Open-World Motion Forecasting

This paper introduces "Open-World Motion Forecasting," an end-to-end class-incremental framework that predicts future trajectories directly from camera images while mitigating catastrophic forgetting through pseudo-labeling with vision-language models and a novel query feature variance-based replay strategy, enabling continual adaptation to evolving object taxonomies in real-world autonomous driving.

Nicolas Schischka, Nikhil Gosala, B Ravi Kiran, Senthil Yogamani, Abhinav Valada

Published Wed, 11 Ma
📖 4 min read☕ Coffee break read

Imagine you are teaching a robot driver how to navigate a busy city. Traditionally, we've taught these robots in a "closed classroom." We give them a textbook with pictures of cars, pedestrians, and trucks, and we say, "These are the only three things that exist. Memorize them."

But the real world is messy. Suddenly, a new type of vehicle appears: an electric scooter. Or maybe a self-driving delivery bot. In the old "closed classroom" method, the robot would be completely confused. To teach it about scooters, we'd have to throw away its old textbook, re-write every single page with scooter pictures, and start from scratch. That's expensive, slow, and impossible to do every time a new object appears on the road.

This paper introduces a new way of teaching called Open-World Motion Forecasting. Think of it as giving the robot a living, growing encyclopedia instead of a static textbook.

Here is how the authors' solution, called OMEN, works, using simple analogies:

1. The Problem: The "Amnesia" Robot

When you try to teach a robot something new without showing it the old stuff, it suffers from Catastrophic Forgetting.

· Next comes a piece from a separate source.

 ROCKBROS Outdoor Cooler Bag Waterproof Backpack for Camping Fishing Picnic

It's like a student who studies for a math test, then immediately starts studying for a history test, and suddenly forgets how to do addition. The robot learns about the new "scooter" but forgets how to predict where a "car" is going.

2. The Solution: OMEN's Two Superpowers

The authors built a system that learns new things without forgetting the old things. They do this with two clever tricks:

Trick A: The "Crystal Ball" and the "Fact-Checker" (Pseudo-Labeling)

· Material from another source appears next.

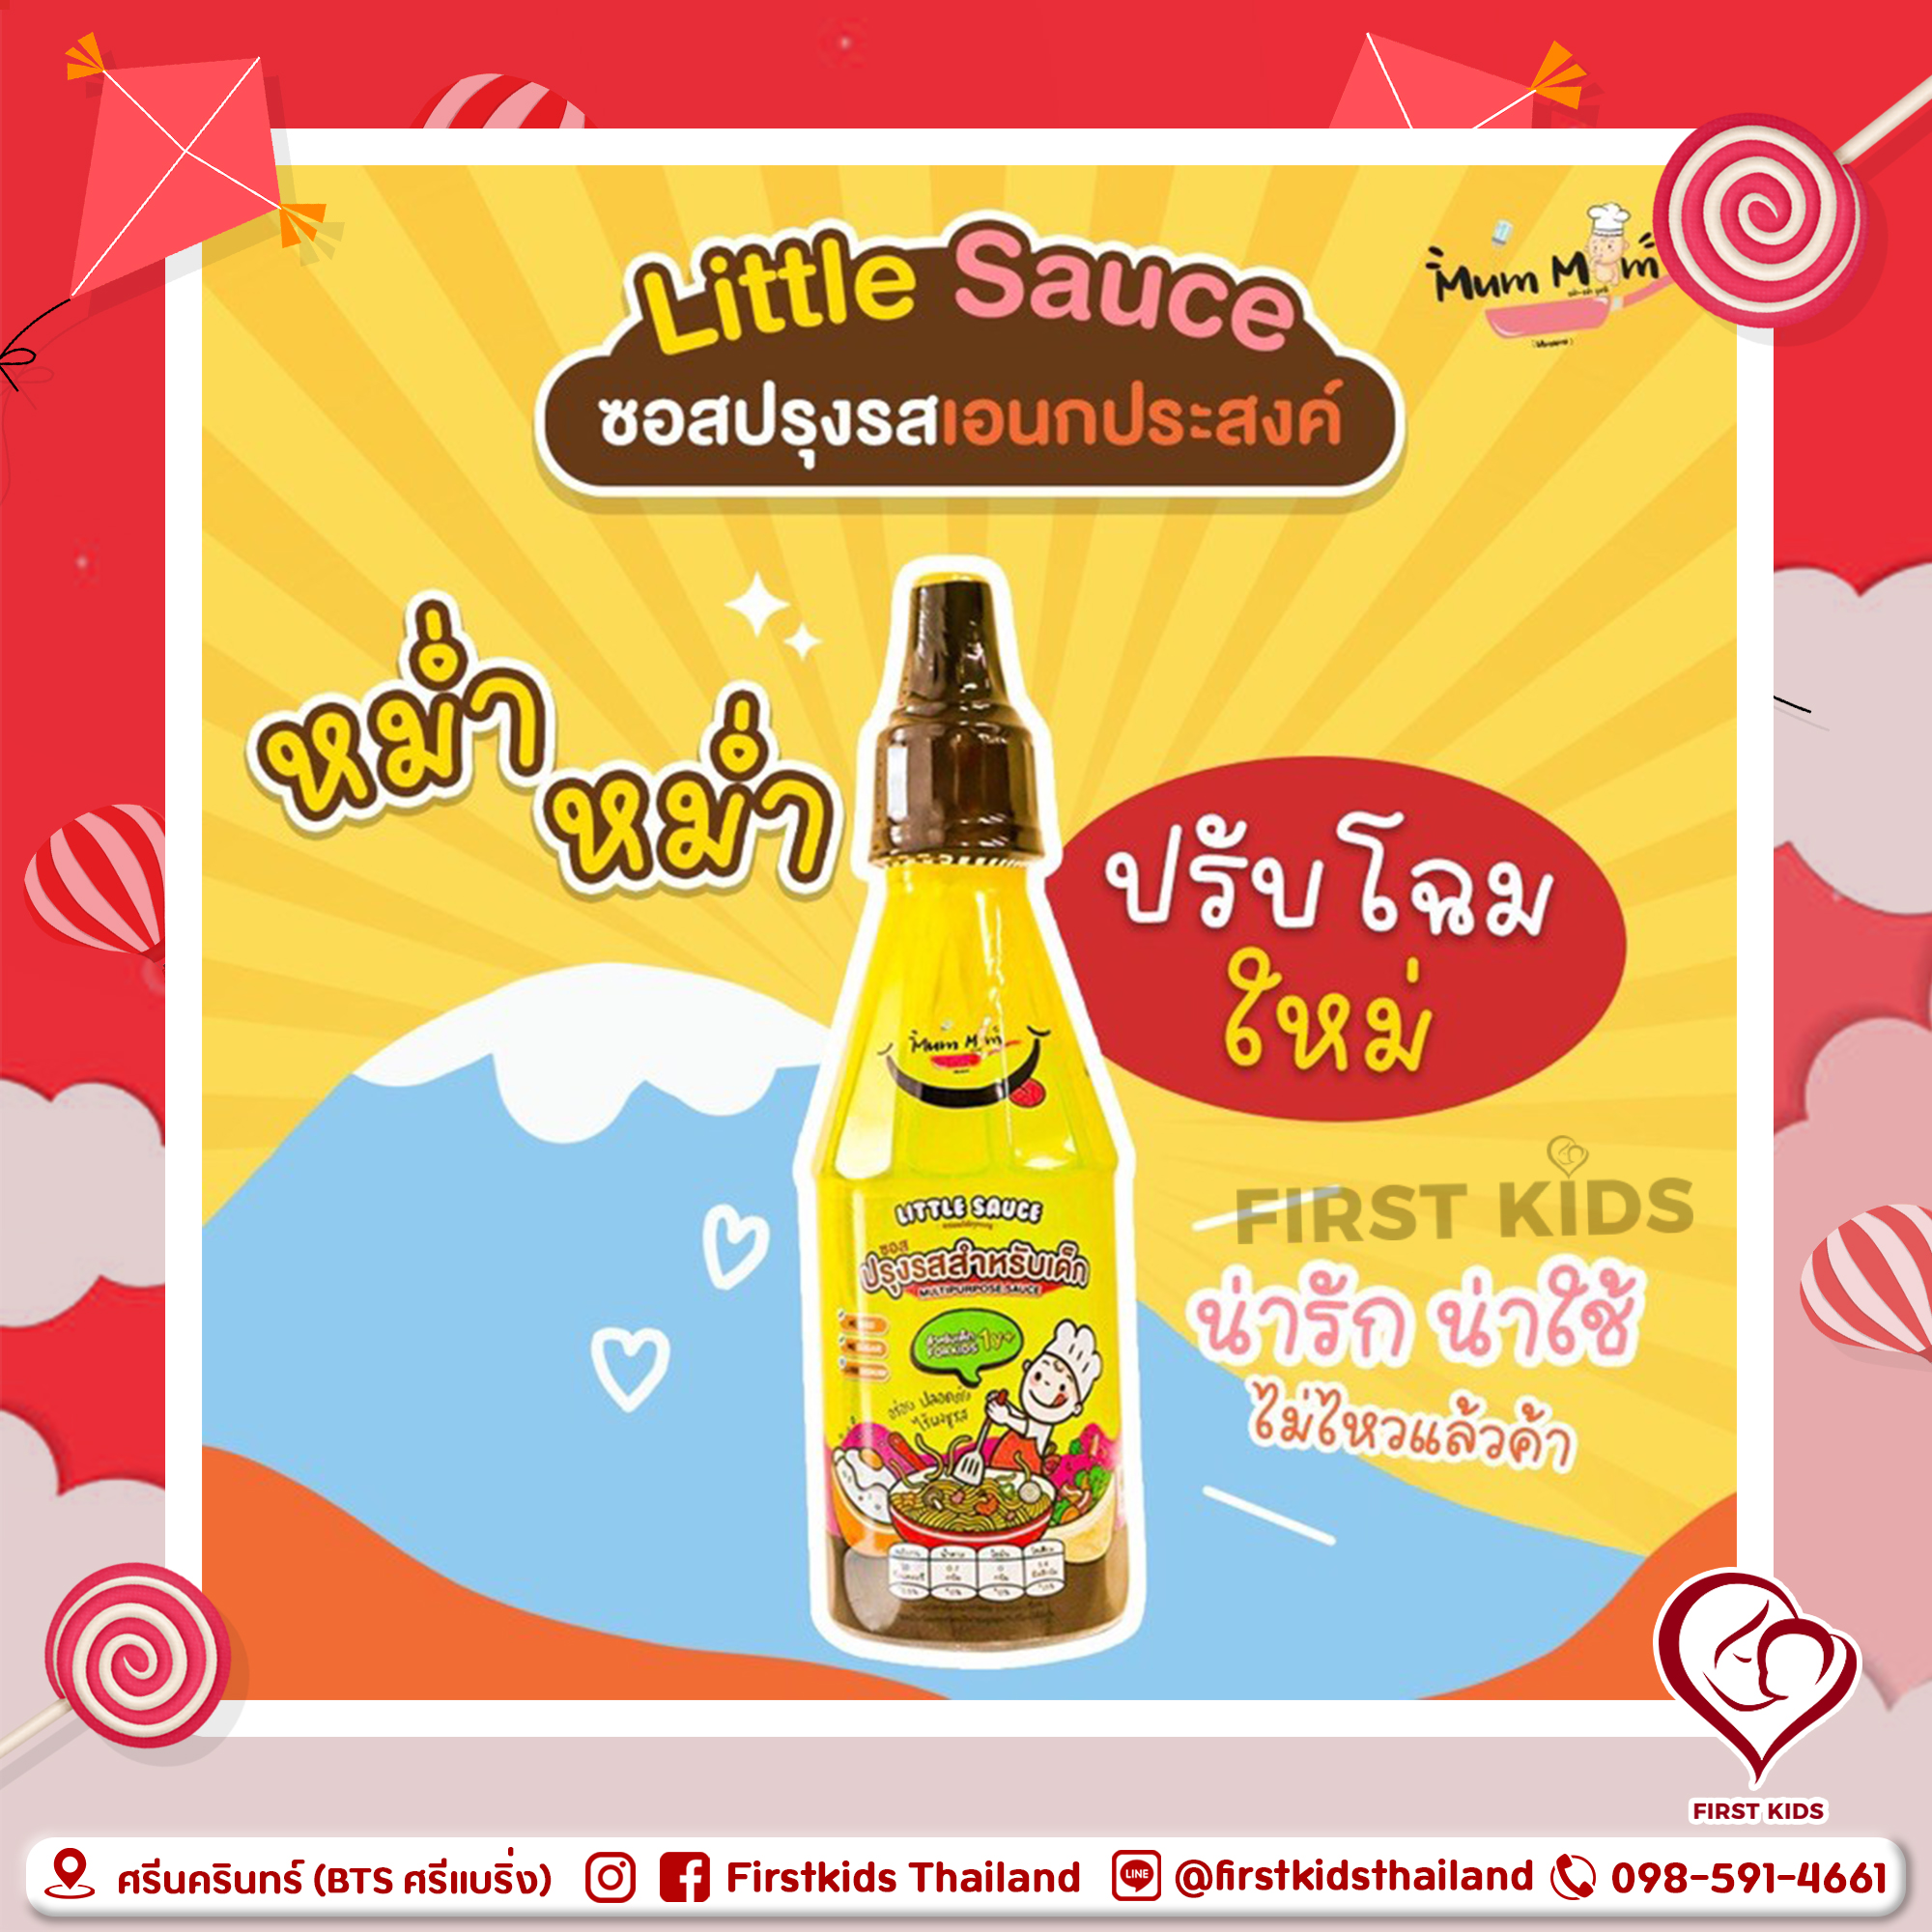 Mum Mum Little Sauce ซอสปรุงรสสำหรับเด็ก ทำให้อาหารอร่อยใน 1 ช้อนชา #firstkidsthailand อ.ย.1010216350006

When the robot encounters a new class of object (like a scooter) for the first time, it doesn't have a perfect teacher to tell it, "That is a scooter, and it will move like this."

  • The Crystal Ball: The robot uses its own "future vision" (a 3D detection model) to guess where objects will be in the next few seconds. It essentially creates its own "practice test" answers (pseudo-labels) for the new objects.
  • The Fact-Checker (VLM): Sometimes, the robot gets overconfident and hallucinates things that aren't there (like predicting a ghost car). To stop this, they use a Vision-Language Model (VLM)—think of it as a very smart, literal-minded librarian. The robot shows the librarian a picture and says, "I think that's a scooter." The librarian looks at the image and says, "No, that's just a shadow. I don't see a scooter there." The librarian filters out the robot's bad guesses, keeping only the reliable ones to learn from.

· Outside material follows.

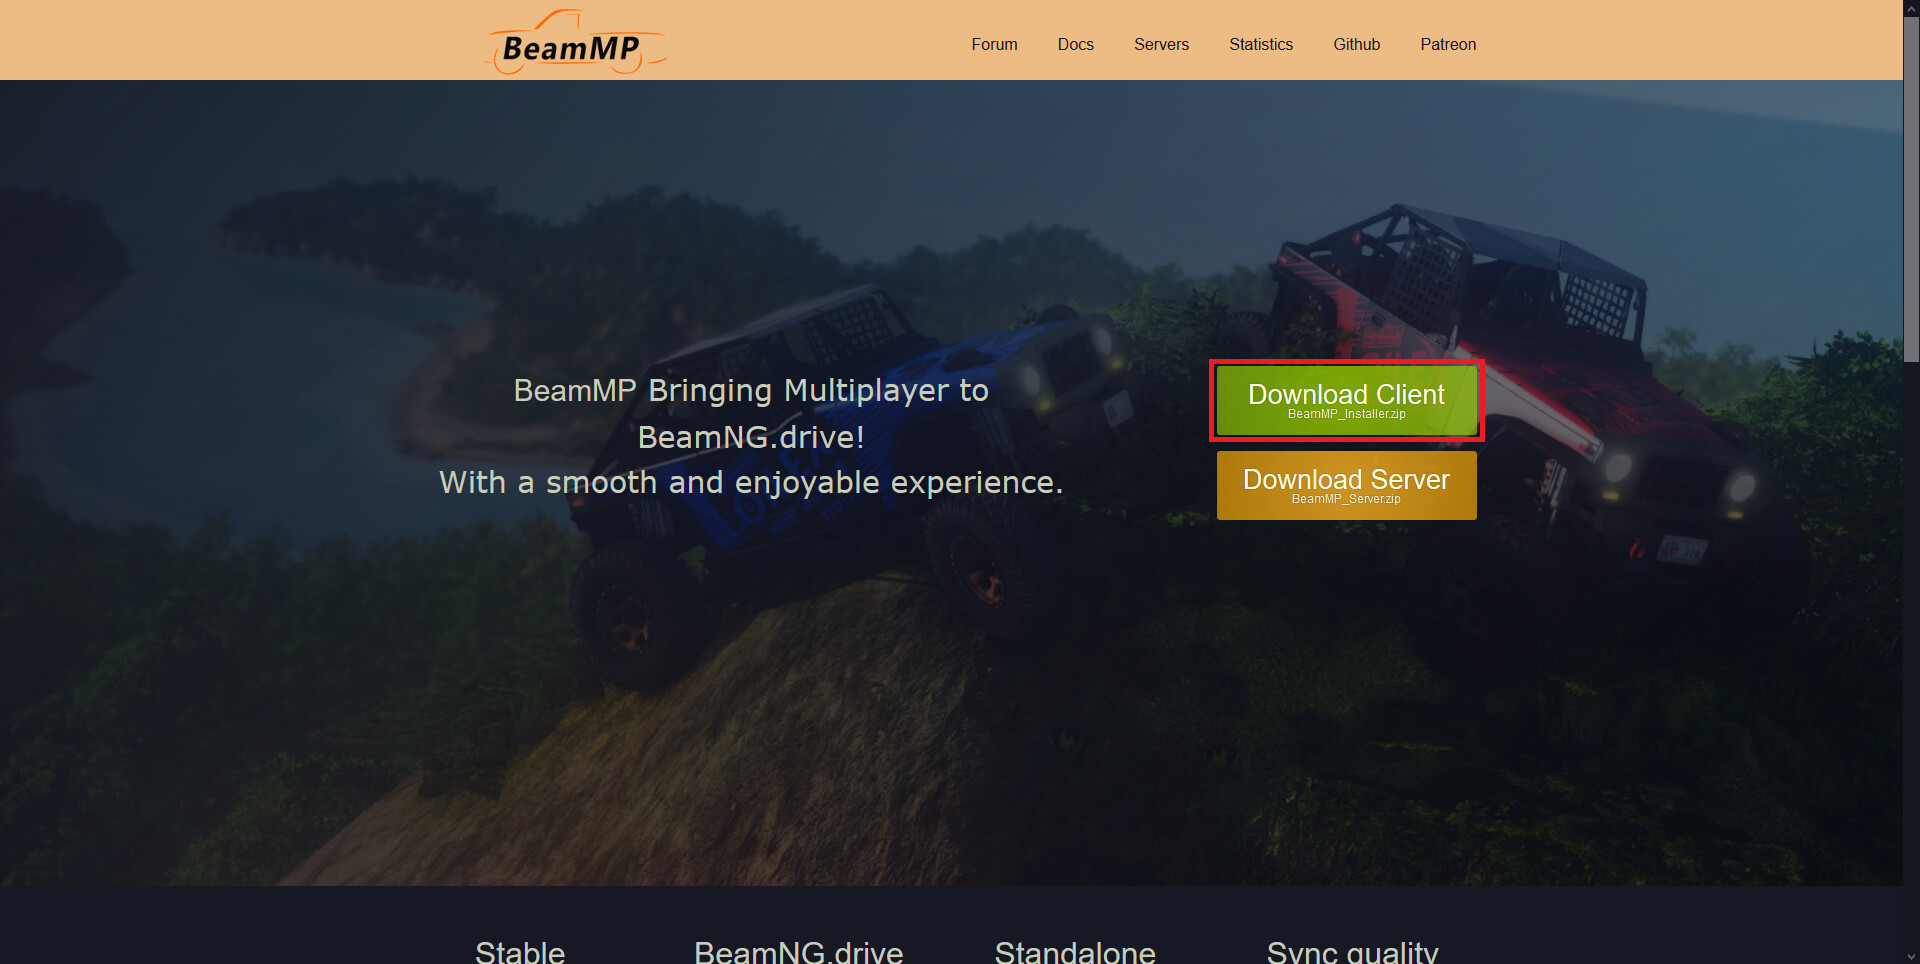 Beammp forum. Beammp сервер. Beammp как создать сервер. Forum beammp. Beammp приватный сервер.

Trick B: The "Highlight Reel" (Experience Replay)

To stop the robot from forgetting the old stuff (like cars and pedestrians), the system needs to review old lessons. But robots have limited memory (storage), so they can't save every single video clip they've ever seen.

  • The Highlight Reel: Instead of saving random clips, OMEN looks at the robot's internal "thoughts" (latent features) about how things move. It asks: "Which of these old clips had the most interesting, complex, or unpredictable movements?"
  • It saves those specific "highlight reels" (sequences with diverse motions) and mixes them into the new training. This ensures the robot keeps practicing its old skills while learning new ones, just like a musician practicing old scales while learning a new song.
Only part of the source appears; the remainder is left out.